Comment se fait-il que nous soyons autant démunis devant cette crise au point que la « stratégie », s’il y en a une, semble découler uniquement de notre impuissance à prévenir, à détecter et à soigner, compte tenu de notre dépendance organisée au profit des fameuses « chaînes de valeur » qui délocalisent les médicaments et les outils de dépistage : comment en sommes-nous arrivés à ce point ? Il faudra bien une réponse et des mesures fortes.

 Il faudra qu’on nous dise pourquoi un rapport de mai 2019 de Santé Publique France réclamant 1 Milliard de masques et remis à la Direction Générale de la Santé est resté sans effet (cf Canard Enchaîné de cette semaine).

Déjà, en coulisse, les renvois de patates chaudes s’organisent. Chacun y va de sa note, de l’avis d’experts pour se dédouaner, alors que la véritable raison, c’est la doctrine des petits hommes gris de Bercy qui consiste à tailler dans les dépenses, sans discernement, au risque de mener le pays sur la voie de la clochardisation.

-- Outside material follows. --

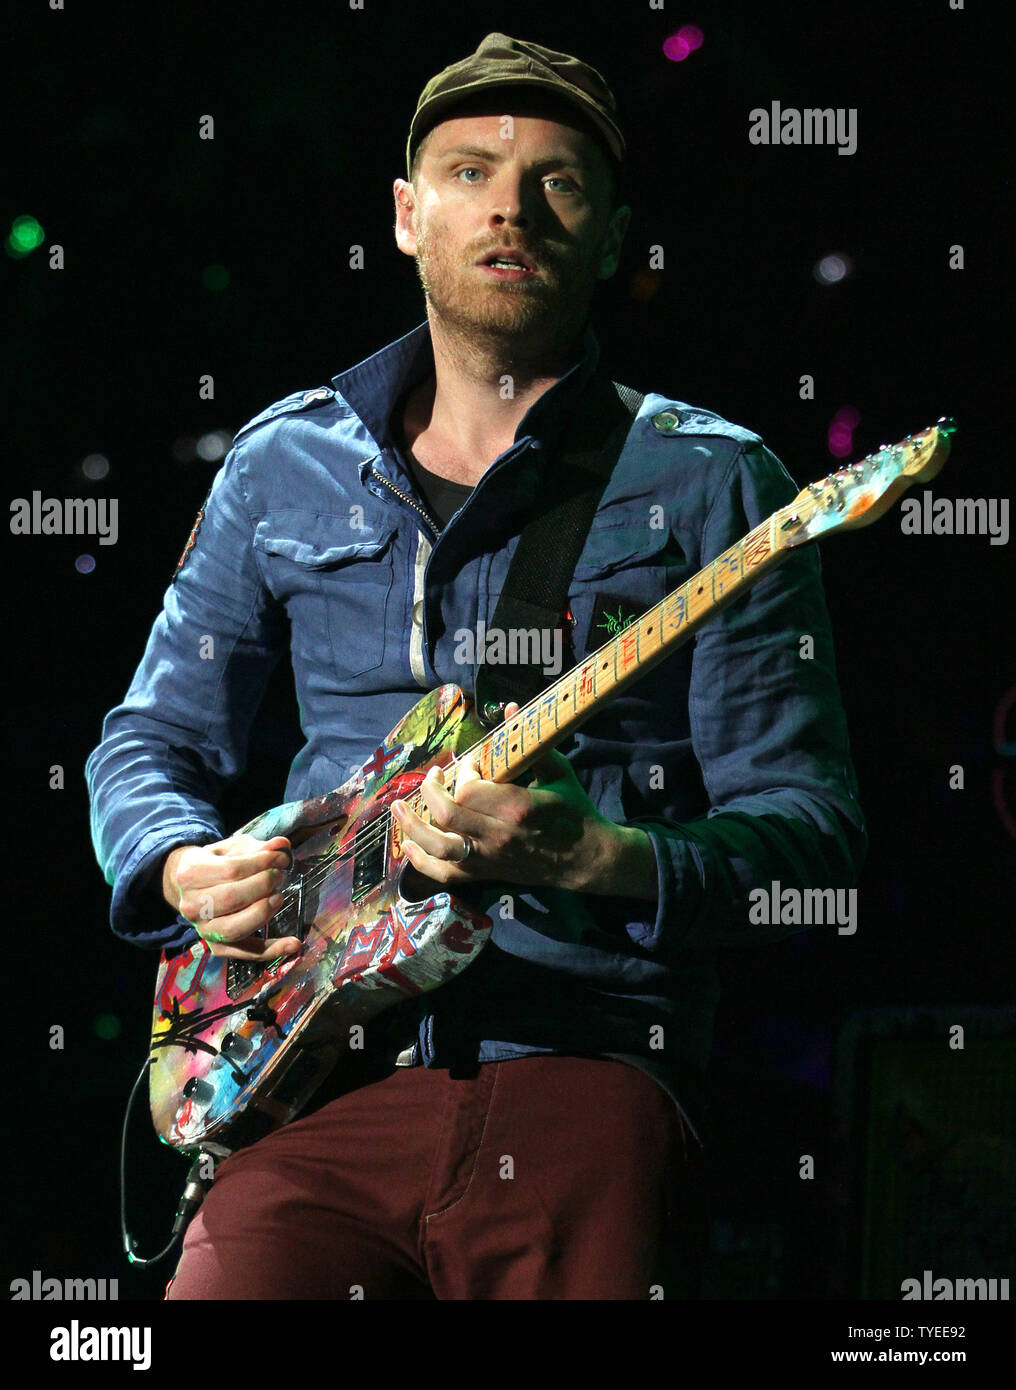 Jonny Buckland with Coldplay performs in concert on their Mylo Xyloto tour 2012 at the American Airlines Arena in Miami on June 29, 2012. UPI/Michael Bush Stock Photo

Alors, des commissions d’enquêtes, des procès médiatiques ou des procès qui seront organisés dans quinze ans ? Pouvons-nous nous satisfaire de cet entre soi, de cette machine à laver politique ?

Il faudra bien que les indispensables, les invisibles, demandent des comptes et de manière rapide, qu’ils s’organisent, un peu comme les gilets jaunes, mais en mieux, car ce sont eux, les fameuses classes moyennes qui sont en mesure de faire bouger les choses.